Chan A recent study by et al. Examined these issues carefully . It will be common VSR The pipeline is divided into four parts , namely spread 、 alignment 、 Aggregation and upsampling , And put forward the basic VSR. stay BasicVSR in , Two way propagation technology is used to extract information from the whole input video for reconstruction . For alignment , Use optical flow to distort features .BasicVSR It is a simple and powerful trunk , Here you can easily add components to improve performance . However , Its rudimentary design in communication and alignment limits the power of information aggregation . therefore , The network is often difficult to recover fine details , Especially when dealing with occluded complex areas . These shortcomings require us to carry out perfect design in terms of communication and arrangement .
In this work , We design second order grid The deformable arrangement guided by propagation and flow is redesigned BasicVSR, So that information can be spread and gathered more effectively .
1、 Proposed second-order grid propagation , Pictured 1(a) Shown , It's solved BasicVSR Two limitations of :i) We allow more active two-way communication , Arrange in a grid , and ii) Let's relax BasicVSR Assumption of first-order Markov attributes in , And connect the second order [28] Integrate into the network , So that information can be aggregated from different space-time positions . These two modifications have improved the information flow in the network , It improves the robustness of the network to occlusion and small areas .
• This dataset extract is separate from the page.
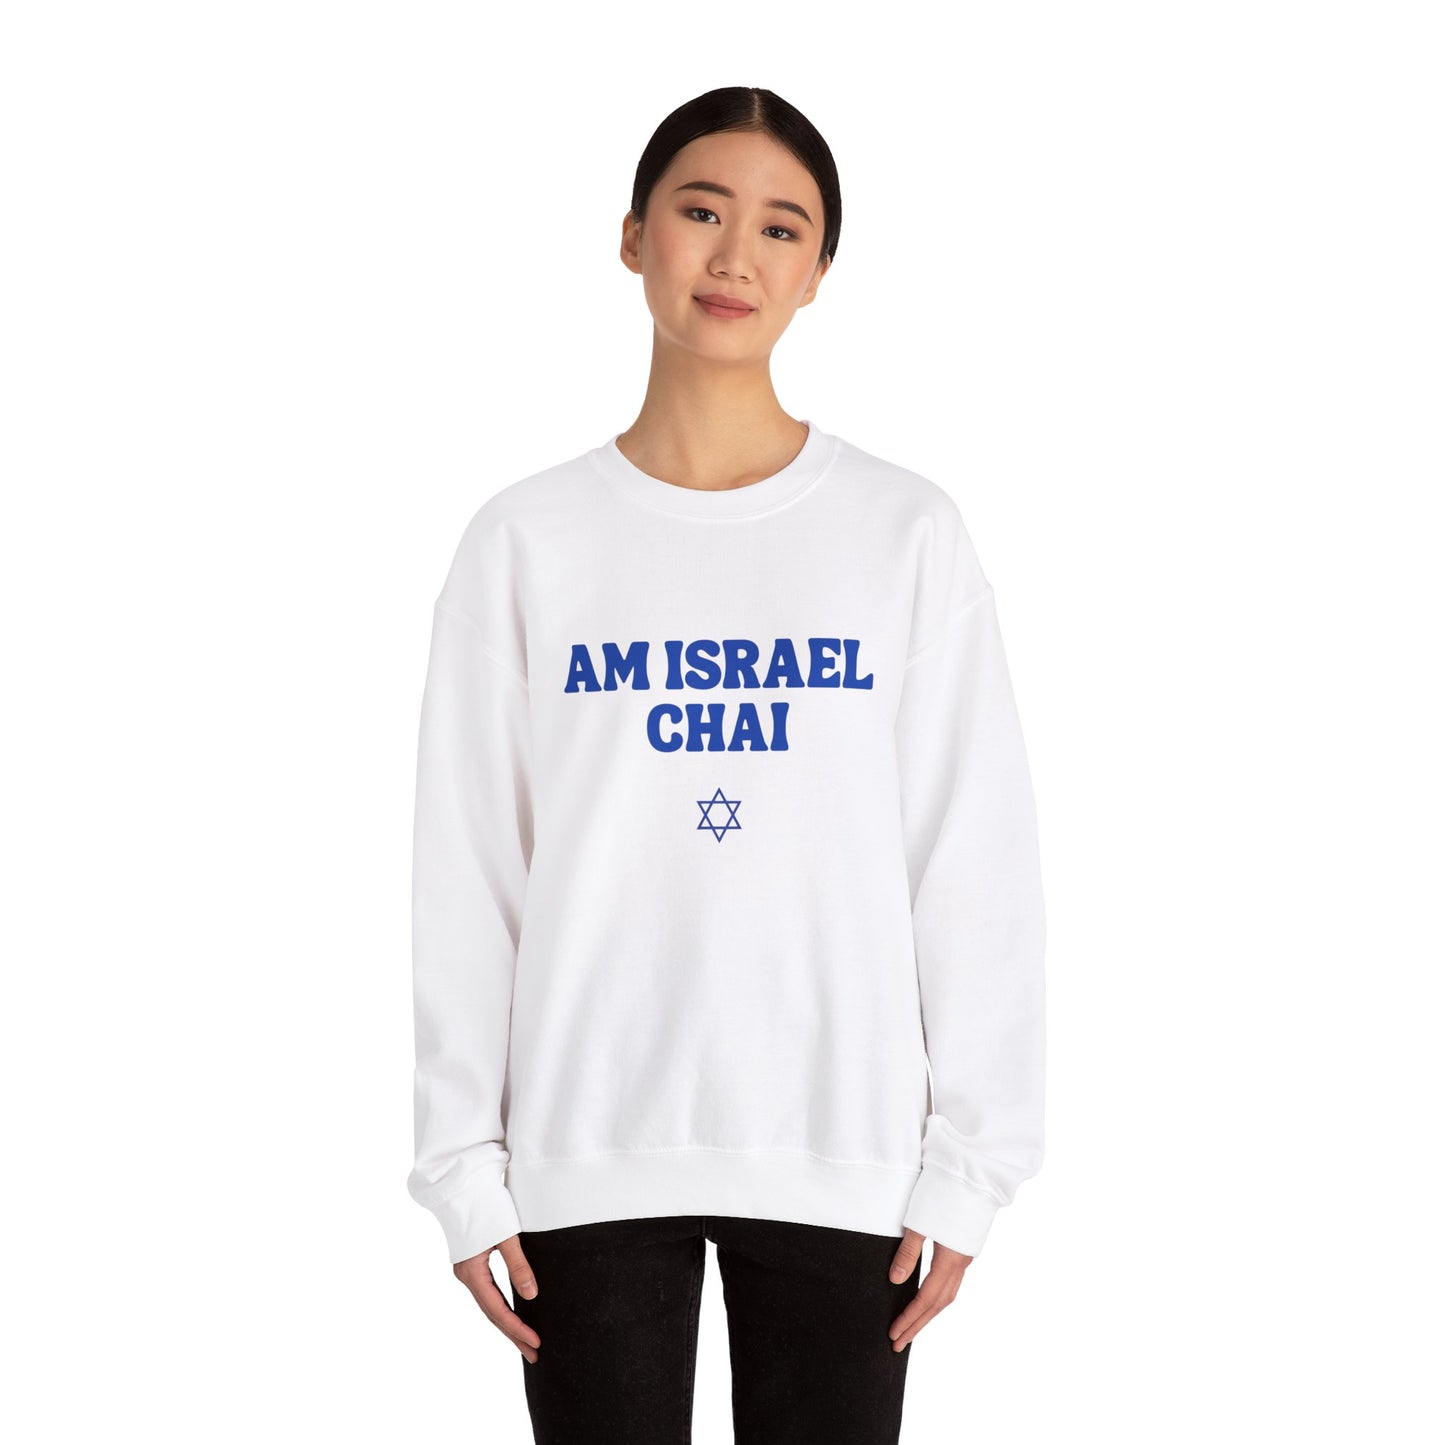 Am Israel Chai sweatshirt
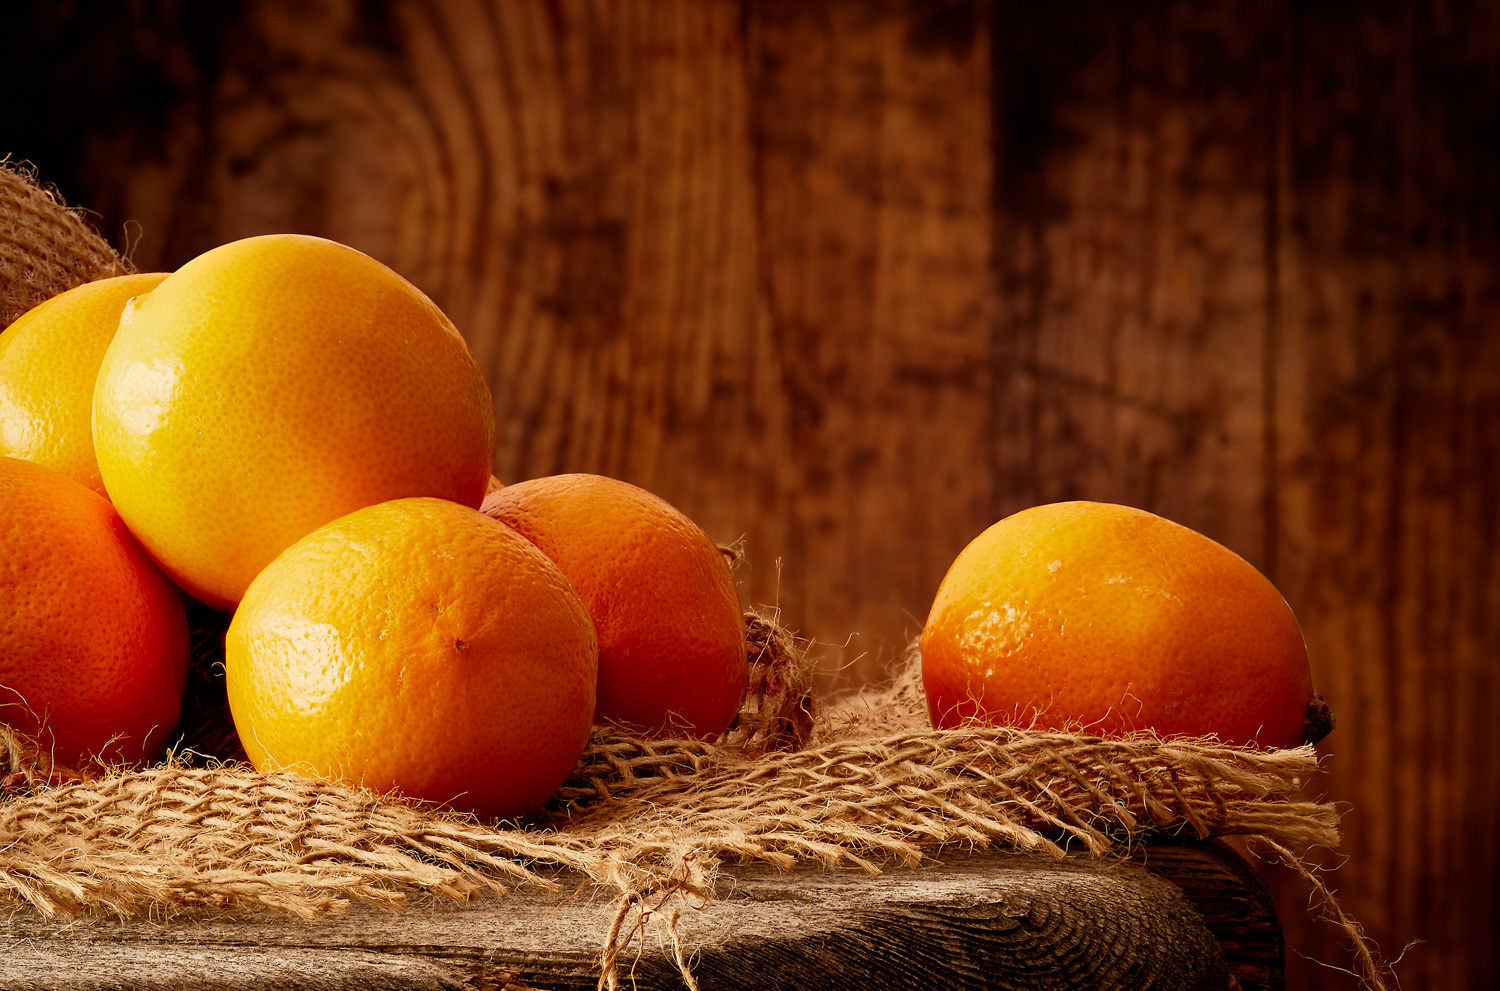 4-rustic-fruit-oranges-produce-food-snack-composition-product-photography-local-sunlight-buy-advertising-image-professional-photographer-daniel-buehler-danbcreative-wood-barn-marketing-studio.jpg

2、BasicVSR It shows the advantages of using optical flow for time alignment . However , Optical flow is unstable to occlusion . Inaccurate traffic estimation may jeopardize recovery performance . Deformation alignment [32、33、35] stay VSR Shows its advantages , But it is difficult to train in practice [3]. In order to overcome the instability of training while using deformable alignment , We propose flow guided deformable alignment , Pictured 1(b) Shown . In the proposed module , We didn't learn directly DCN Offset [6,42], Instead, the optical flow field is used as the basic offset refined by the residual flow field to reduce the burden of offset learning . The latter is better than the original DCN Shift to learn more stably .
The above two components are novel , More discussion can be found in the relevant work section . Thanks to more effective design ,BasicVSR++ You can use a lighter trunk than similar products . therefore ,BasicVSR++ While maintaining efficiency , It greatly exceeds the existing technical level , Include BasicVSR and IconVSR( More detailed BasicVSR variant )( chart 1(c)). especially , And previous BasicVSR comparison , When the number of parameters is similar ,REDS4 Peak signal-to-noise ratio on (PSNR) The gain is 0.82 dB【35】. Besides ,BasicVSR++ stay 2021 NTIRE Video super resolution [29] And compressed video enhancement [39] Win three champions and one runner up in the challenge .
2. Related Work
Recurrent Networks: Recursive framework is a popular structure used in various video processing tasks , Like super resolution [8, 10, 11, 12, 14, 27]、 Defuzzifying ring [24, 41] And frame interpolation [36]. for example ,RSDN[12] Adopt one-way propagation , With recursive detail structure block and hidden state adaptation module , To enhance the robustness to appearance changes and error accumulation .Chan wait forsomeone [2] Put forward BasicVSR. This work proves that two-way communication is more important than one-way communication , To make better use of the characteristics of time . Besides , The study also shows the advantages of feature alignment in aligning highly correlated but misaligned features . We ask readers to refer to [2], Learn about the detailed comparison of these components with more traditional propagation and alignment . In our experiment , We focus on... And BasicVSR Compare , Because it is the most advanced VSR Method .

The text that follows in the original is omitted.